Anyone have approximate time bodies washed on king Fisher? I was across the street all weekend. Minus a couple hours early morning and couple hours in afternoon. Never saw anything indicating bodies had recently washed up. Plus that's a pretty fair distance to float in short distance

RIP to those who drowned and condolences to families affected. Saturday was pretty windy and I figured it'd be nasty out through the pass.


----------



## K Man (Jun 21, 2012)

A good friend of mine owns an island in the area, his neighbor was the one that found them and called the CG. His neighbor came to his house right after he found the bodies. Know one knows what happened. They were thinking they may have been in the surf and it got rough. There was one guy still in the boat which was in pretty shallow water. Prayers to the family.


----------



## SSST (Jun 9, 2011)

juan valdez said:


> Anyone have approximate time bodies washed on king Fisher? I was across the street all weekend. Minus a couple hours early morning and couple hours in afternoon. Never saw anything indicating bodies had recently washed up. Plus that's a pretty fair distance to float in short distance
> 
> RIP to those who drowned and condolences to families affected. Saturday was pretty windy and I figured it'd be nasty out through the pass.


First off, condolences to the families involved. I'm thinking the King Fisher Beach is just bad info, my guess is they were found on the beach if they were fishing the surf.


----------



## makoclay (May 25, 2004)

Really sad to hear. I saw USCG boats running in and out of the little jetties early afternoon on Friday. A USCG airplane was in the air as well. I saw them working just north of the little jetties in Matagorda Bay (between the jetties and the pier). 

I read the Victoria Advicate article and assumed they washed ashore on the front beach. Im not sure what evidence there is that they were in the surf. There were some squalls on Friday morning so I wouldn't be surprised to hear that it got pretty rough in Matagorda Bay.


----------



## sotxks (Jul 10, 2011)

I work with both of them also. To my knowledge, all 3 were fairly experienced boaters. Not sure on the details as of right now, will probably find out more in the next few days to come. The men were very top notch guys. A huge loss to the families and us coworkers. They were both pretty big guys. I will try to find out more info.
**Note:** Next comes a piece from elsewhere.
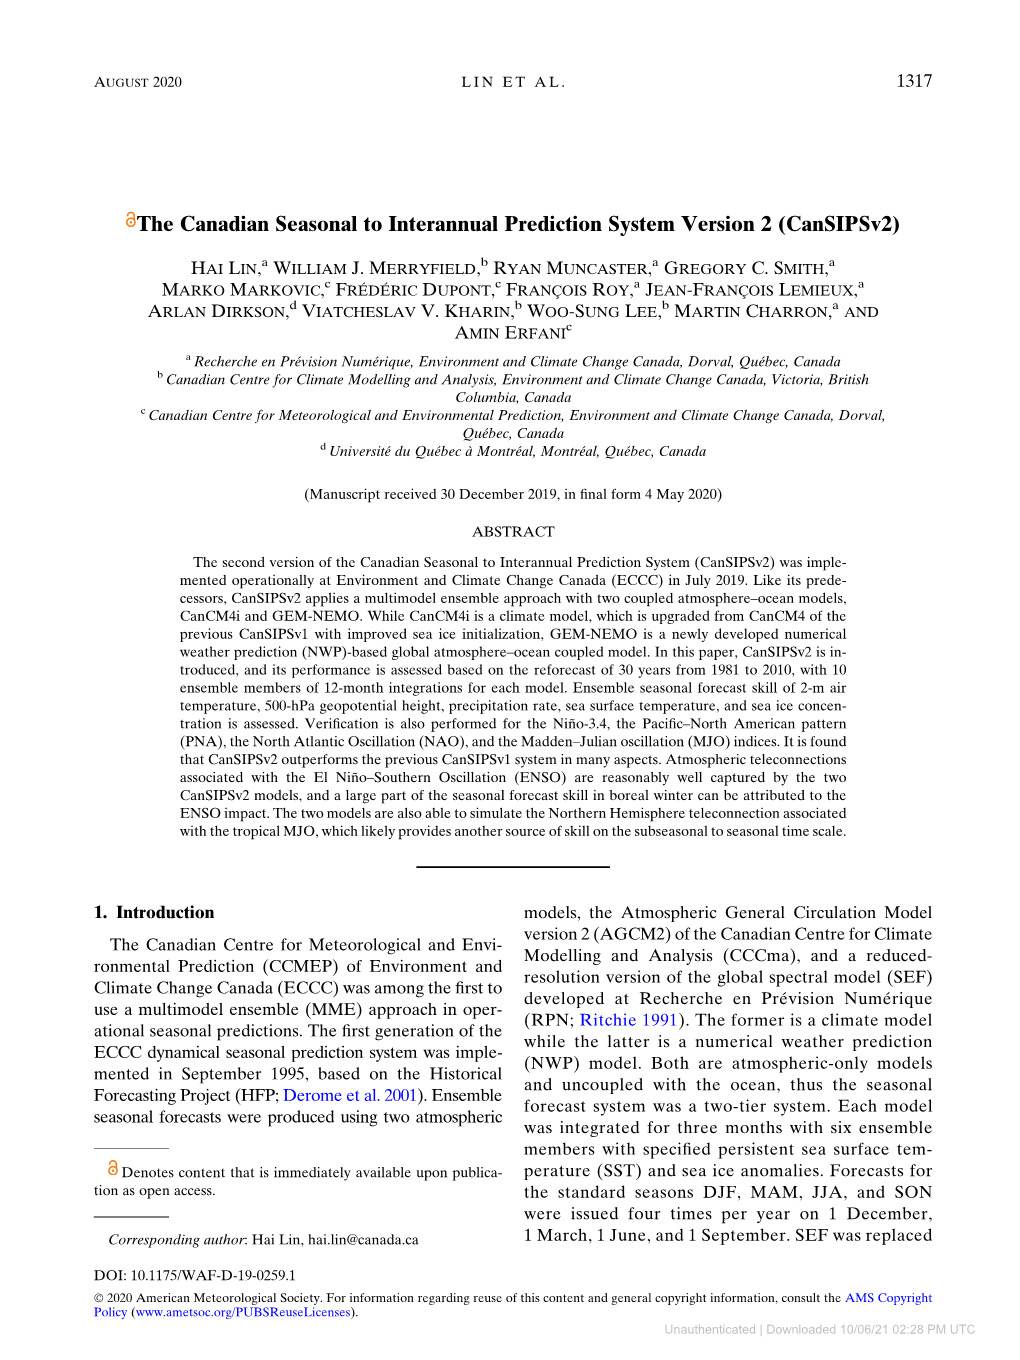 The Canadian Seasonal to Interannual Prediction System Version 2 (Cansipsv2)

Sent from my iPhone using Tapatalk


----------



## Trouthappy (Jun 12, 2008)

So far the whole thing sounds pretty fishy, no pun intended. I wonder what deputies have to say, to the boat driver.


----------



## blaze 'em (Jun 4, 2012)

.


----------



## artys_only (Mar 29, 2005)

I have a friend that was fishing the jetties that day . He said way to ruff to fish the surf ! He watched them round the jetties and wonder when he would see them turn back . He never did , next thing he saw was the coasties boat passing him . Figured it must of been those guys . Wha t kind of boat. Where they in he said it looked like a transcat ? Prayers for all the family's . Fish are not worth a life ......


----------



## PortB (Aug 22, 2015)

Man. That is too bad. 5 Foot waves spell trouble in Bay Boats. My Sympathies to the families


----------



## DCAVA (Aug 5, 2013)

Sad deal, prayers for the families


----------



## LPSCGcool (Jul 23, 2012)

*Update in Victoria Advocate*

Update in Victoria Advocate

https://www.victoriaadvocate.com/news/2015/aug/23/survivor-of-fatal-boat-wreck-identified/


----------



## bigfishtx (Jul 17, 2007)

Wow, terrible deal, sounds like they got thrown off by a wave. Wind was howling friday, I do not doubt it was rough out there.


----------



## dirtdobber (Jun 23, 2009)

prayers for the families.


----------



## juan valdez (Jun 21, 2014)

bigfishtx said:


> Wow, terrible deal, sounds like they got thrown off by a wave. Wind was howling friday, I do not doubt it was rough out there.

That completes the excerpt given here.